From the line holding "雕刻時光-黃土水〈山本悌二郎〉 胸像修復翻製紀錄影片的焦點圖" through the line holding "LEGO City, Masina" below, write out every line exactly; include both of those lines and drop the pictures.

#### Material supplied ####

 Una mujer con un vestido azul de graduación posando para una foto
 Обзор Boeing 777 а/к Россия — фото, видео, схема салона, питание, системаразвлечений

####
#### Material supplied ####

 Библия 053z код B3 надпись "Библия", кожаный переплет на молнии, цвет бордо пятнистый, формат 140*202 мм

####
#### Material supplied ####

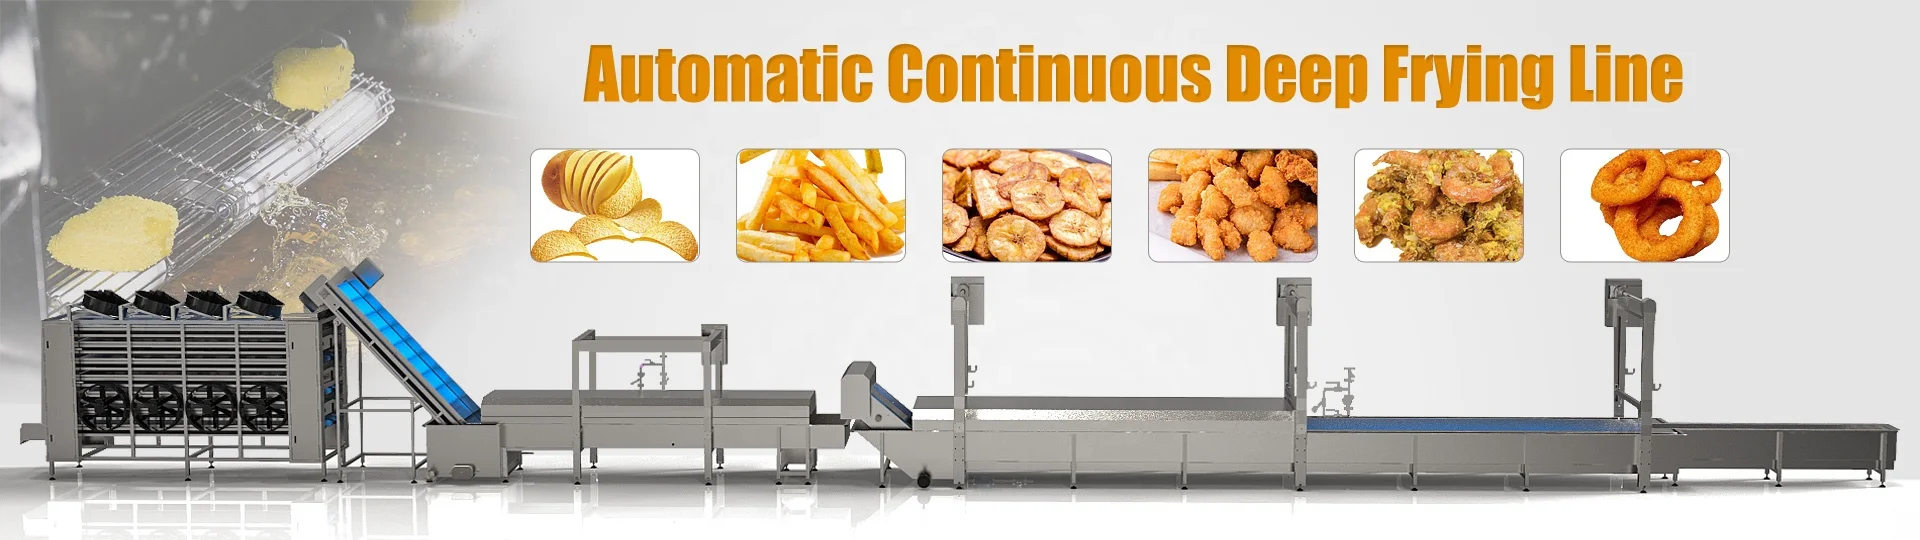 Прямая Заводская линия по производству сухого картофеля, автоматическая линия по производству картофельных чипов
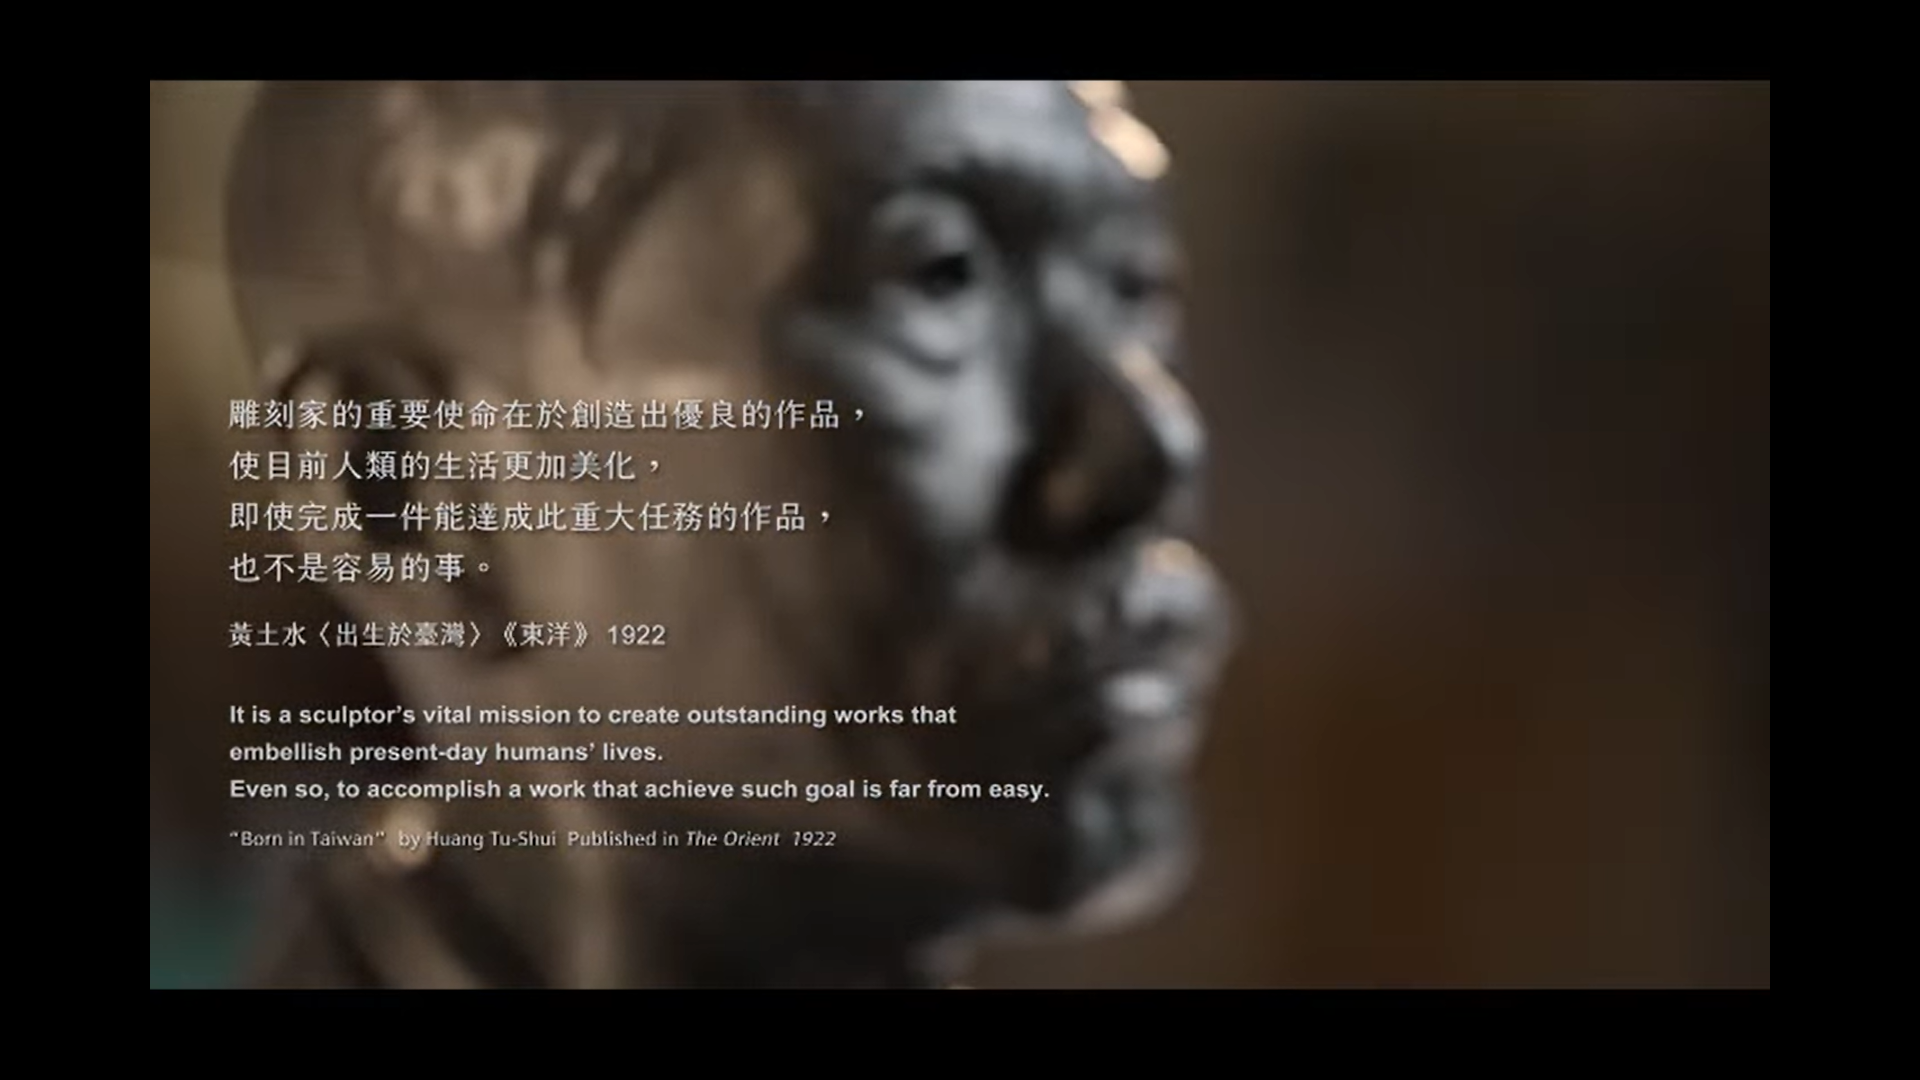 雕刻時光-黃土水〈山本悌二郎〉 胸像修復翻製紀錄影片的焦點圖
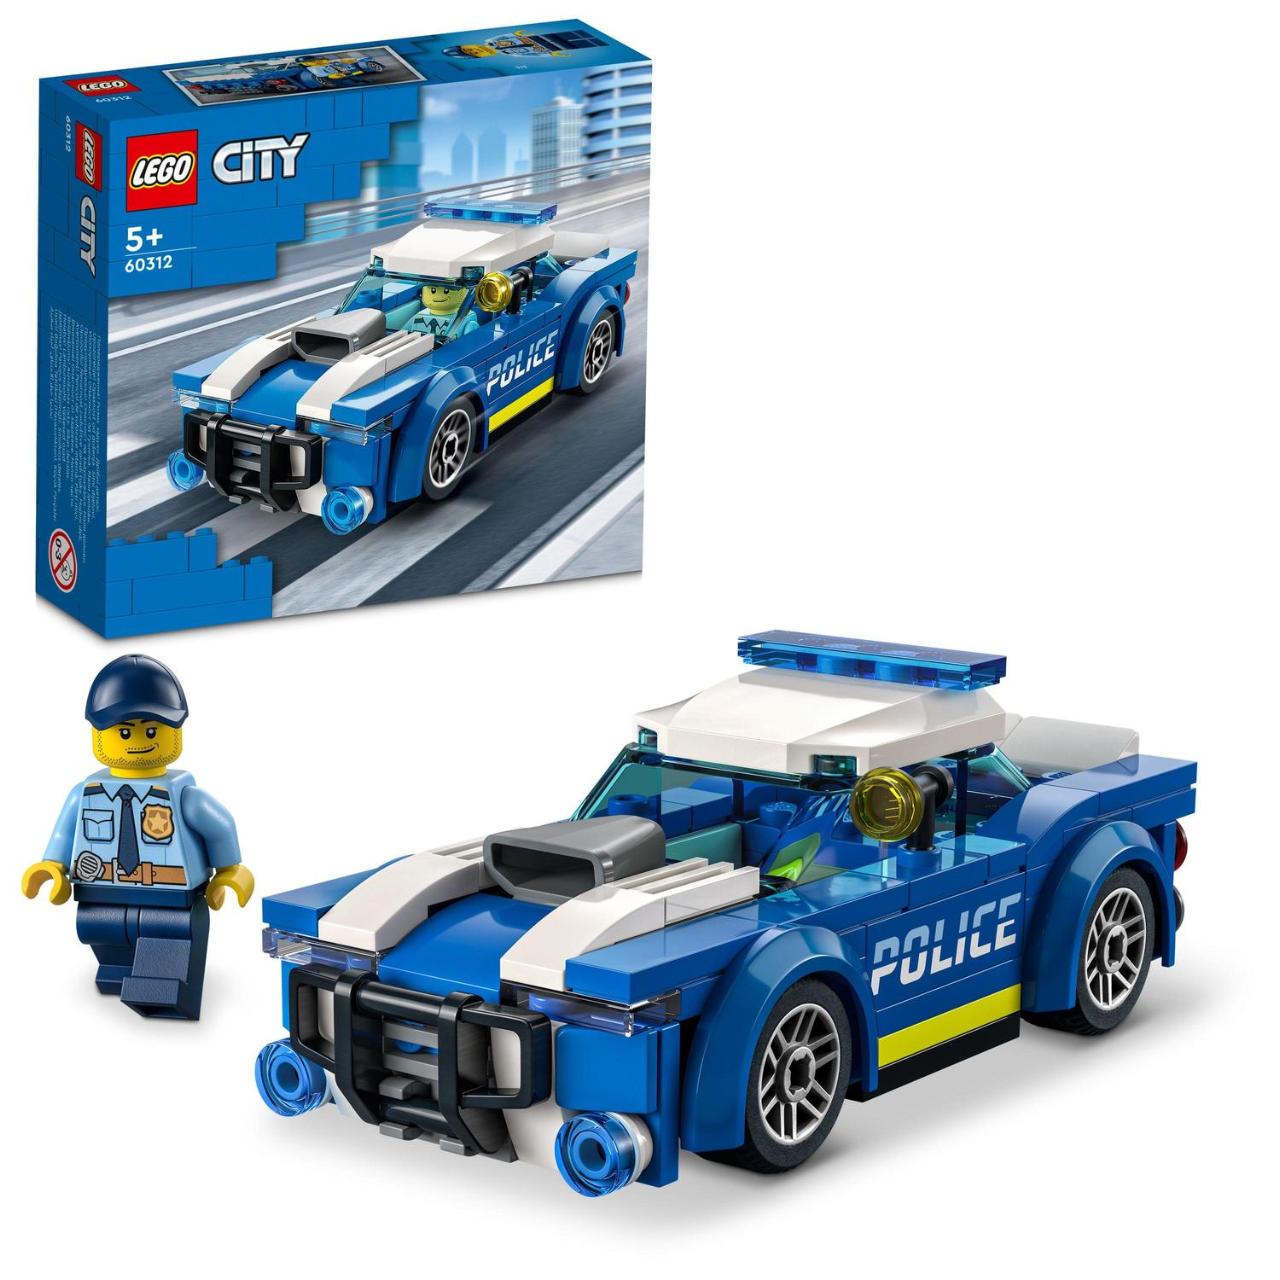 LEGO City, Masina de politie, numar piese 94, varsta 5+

####

◆ **Completed task**
 雕刻時光-黃土水〈山本悌二郎〉 胸像修復翻製紀錄影片的焦點圖
 LEGO City, Masina de politie, numar piese 94, varsta 5+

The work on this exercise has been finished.